Listening to that you might think the source of the writer’s worries was the growing concentration of wealth at the top, the theft of our government by Wall Street, the attacks on unions and the right to vote or a Supreme Court that had unleashed an unchecked flood of corporate cash with which to swallow our democracy.

But you’d be wrong. The words above are by right wing Red State blogger Erick Erickson, who gives voice to Tea Party paranoia that providing a lifeline to states to keep teachers in the classroom or cops on the beat or to extend unemployment insurance another few weeks to those who have lost jobs in the worst economic downturn in a century, wasn’t part of the rescue mission we’d expect from any decent government in a crisis like this but was instead a milestone that marked the way as President Obama and lead us down the perilous road to “European-style socialism.”

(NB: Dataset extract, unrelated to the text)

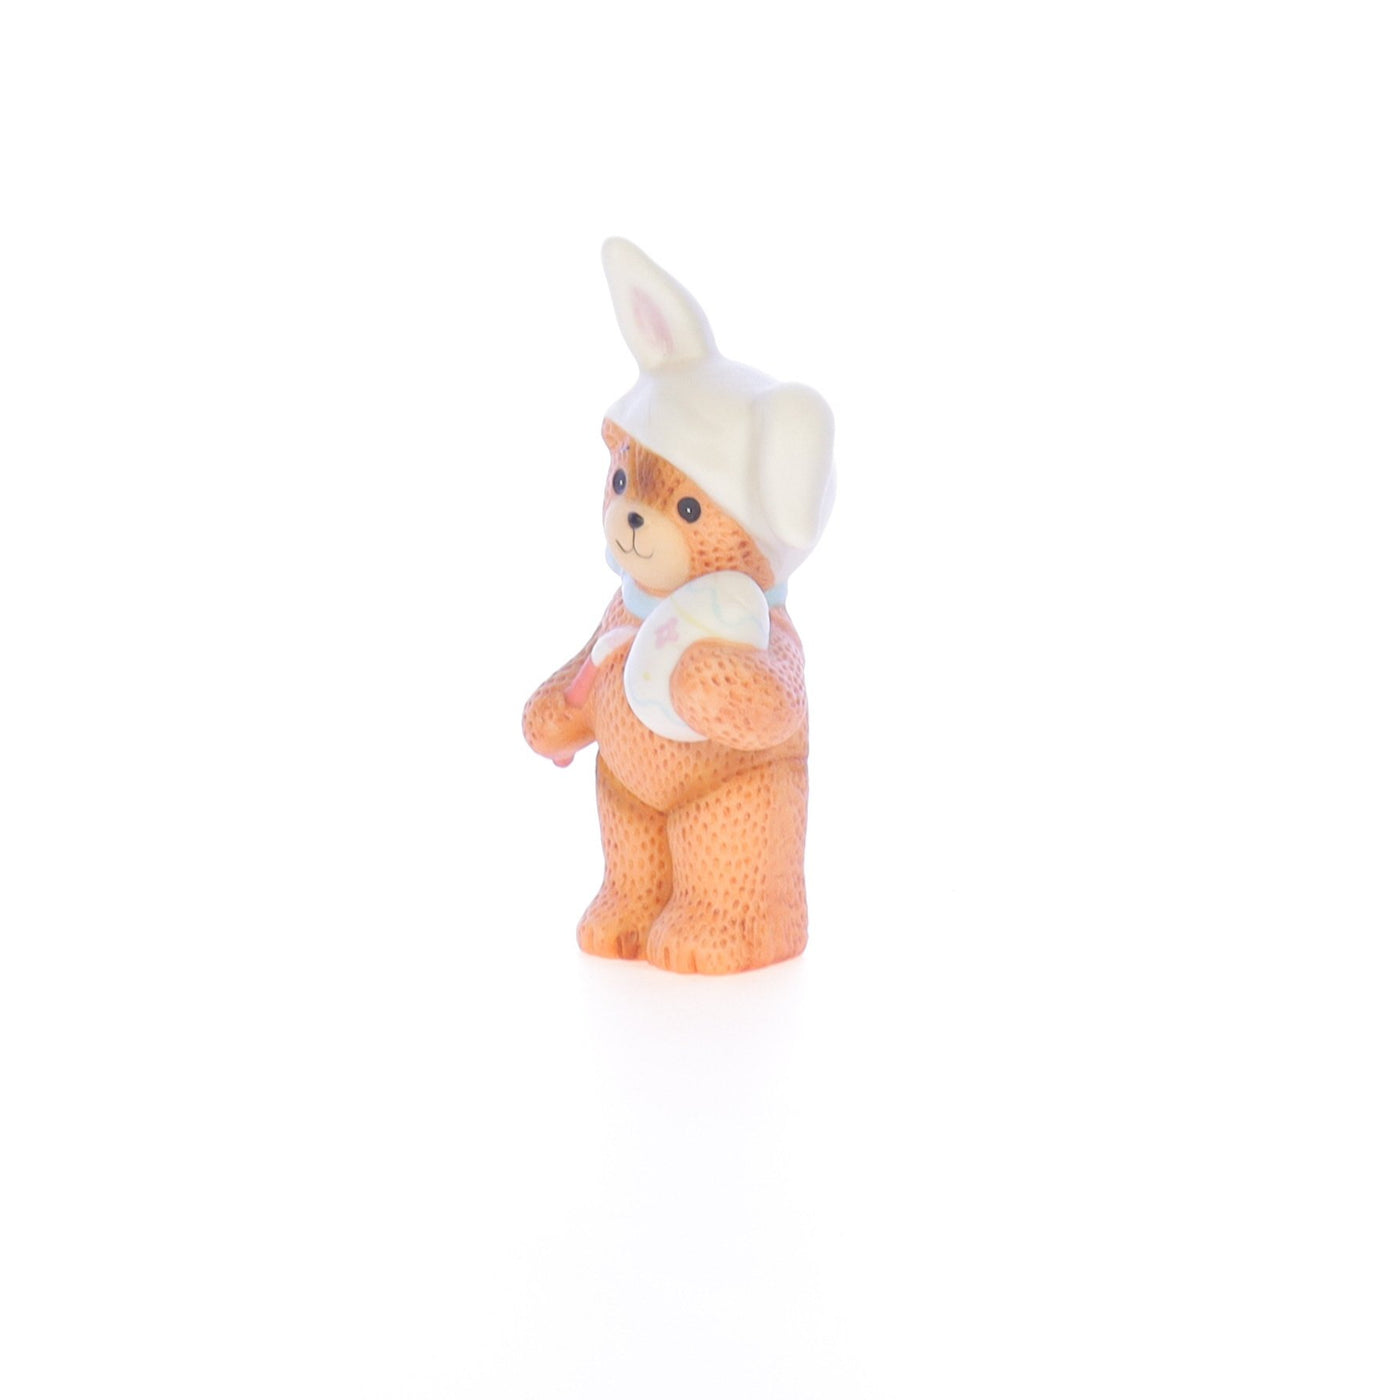 Lucy_And_Me_by_Lucy_Atwell_Porcelain_Figurine_Bunny_Bear_Painting_Easter_Egg_Lucy_Unknown_055_02

When Roger Ailes hired Glenn Beck shortly after conservatives were booted from all three branches of government in 2008, he told his new host: “I see this as the Alamo. If I just had somebody who was willing to sit on the other side of the camera until the last shot is fired, we’d be fine.”

Beck’s assignment was to take Barack Obama’s recovery challenge — that by logical implication exposed the Republican Party’s manifest failures with every problem President Obama managed to solve — and to turn that rescue effort into some vast left wing conspiracy to usher in a new “era of socialism.”

We were soon to learn what that assignment meant. Typical was a show aired in March 2010 when Beck said: “Most people will dread economic recessions and depressions. But some people don’t dread them. Some people are a little more opportunistic. They view this as their big chance, a window of opportunity to seize power to fundamentally transform things. They don’t see this as, ‘Oh my gosh, we’re struggling.’ They see this is as, ‘Now is our time.'”

You’ve got to hand it to Republicans. After their worldview collapsed in a pile of rubble around them they did not retreat or take time to rethink the fundamentals of their major premises. Instead, they responded like French Marshal Ferdinand Foch at the First Battle of the Marne when he declared: “Hard pressed on my right. My center is yielding. Impossible to maneuver. Situation excellent. I attack.”

Watching the way the Republican Party pursues power, I’m reminded of another quote, this one from the character Matt Hooper in the Spielberg classic, Jaws, when the marine biologist calls the Great White Shark a “machine” – a machine that does nothing all day but swim and eat and make little sharks. And that’s all.

Republicans today are just that single-minded — and also that ruthless and unsentimental — just like those Manifest Destiny expansionists that historian Robert W. Merry describes as rallying behind President James K. Polk and his war of conquest against Mexico to divest that often tragic country of its American possessions.

Unlike those Northern Whigs like Abraham Lincoln who opposed the Mexican war on moral grounds, or Southern Democrats like John C. Calhoun who opposed it for disturbing the delicate balance of power between slave state and free, Polk’s land-grabbing supporters understood that ethical considerations miss the fundamental truth about history, which Merry says is this: History does not turn on “normal suasion or concepts of political virtue” but instead moves forward “with a crushing force,” based on “differentials of power, will, organization and population.”

And so from the point of view of history, says Merry, the dismemberment of a “weak and dysfunctional” country like Mexico by a “vibrant, expanding and exuberant” democracy like America was not so much justified as inevitable.

These are the narratives and propensities that Newt Gingrich embodies with a vengeance with his dog-whistle references to food stamps that feed not only racist appetites but also the right wing/Fox News survival-of-the-fittest storyline that doing anything to repair the damage Republicans and free market capitalism have wrought — short of applying an even purer and more robust version of unregulated, untaxed capitalism – is nothing more than socialism and so contrary to the American Way of Life.